19.4.4 What The Namespace Provides

Uniform enumeration: "Show me everything related to device 0000:03:00.0" is a namespace traversal starting at /Devices/pci0000:00/0000:03:00.0, following links to its driver instance (/Drivers/umka-nvme), its health data (/Health/ByDevice/0000:03:00.0), and any processes with open handles to it.

Uniform security: Every object in the namespace has a SecurityDescriptor that ties into the capability system. Access checks are uniform regardless of object type.
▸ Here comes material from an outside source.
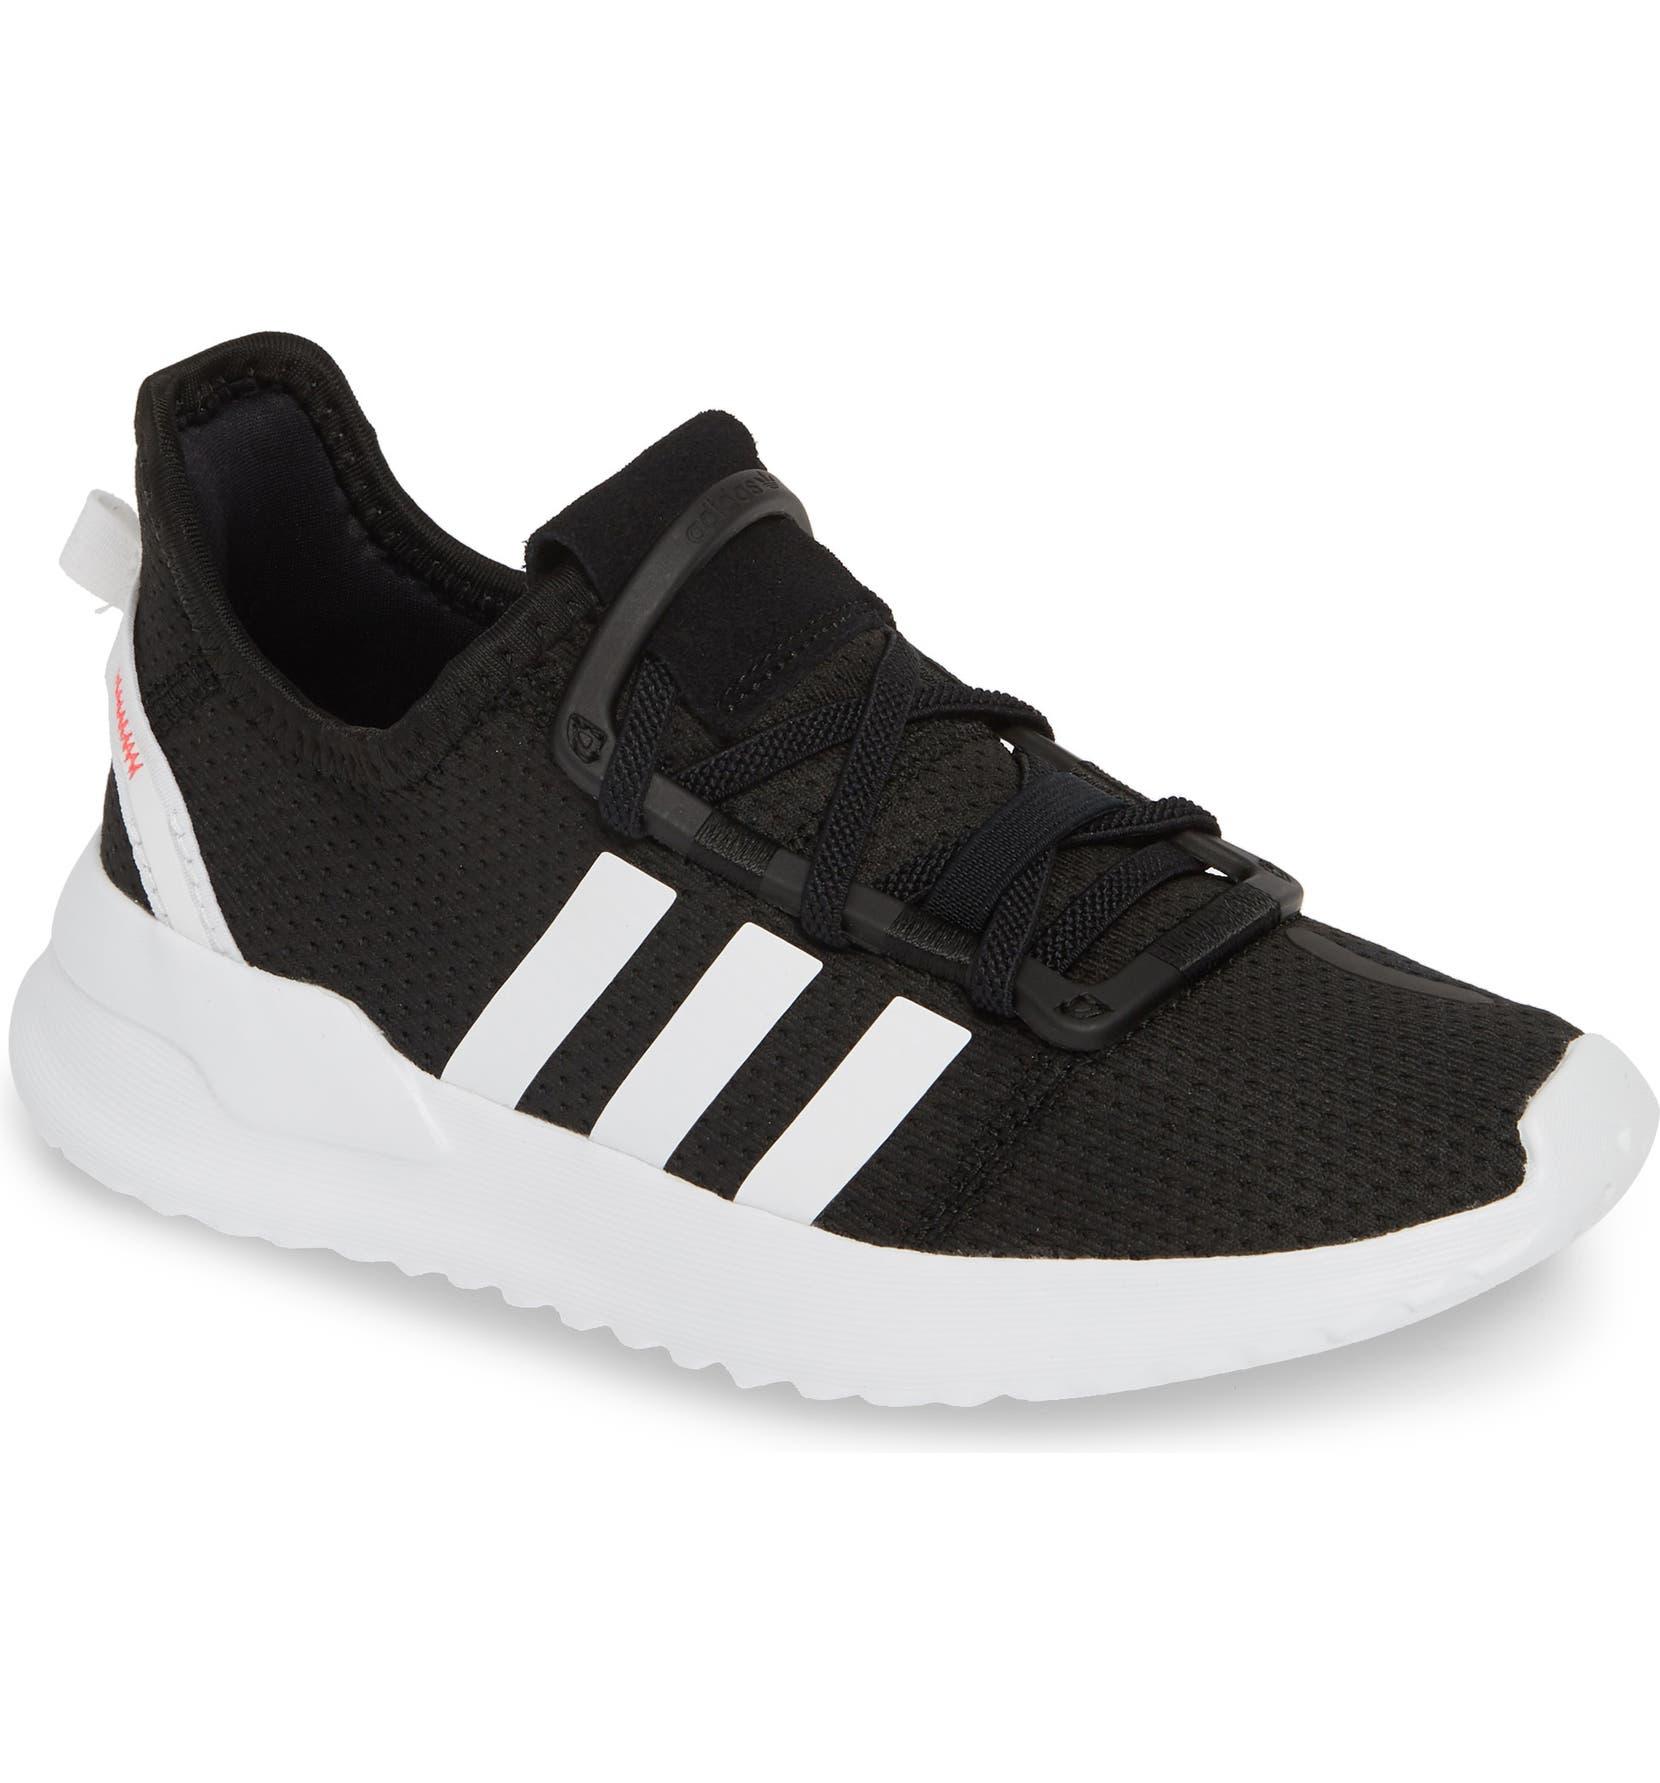 sports shoes 4b65a 502c7 adidas U-Path Run Sneaker (Baby, Walker, Toddler, Little Kid  Big Kid)   Nordstrom

Uniform lifecycle: Objects are reference-counted. When refcount hits zero, the type-specific destructor runs. No per-subsystem cleanup code — the namespace manages object lifetime uniformly.

Cross-reference discovery: "What processes have handles to this device?" is a query across /Processes/*/Handles/*, filtering by target ObjectId. Without the namespace, this requires per-subsystem ad-hoc code.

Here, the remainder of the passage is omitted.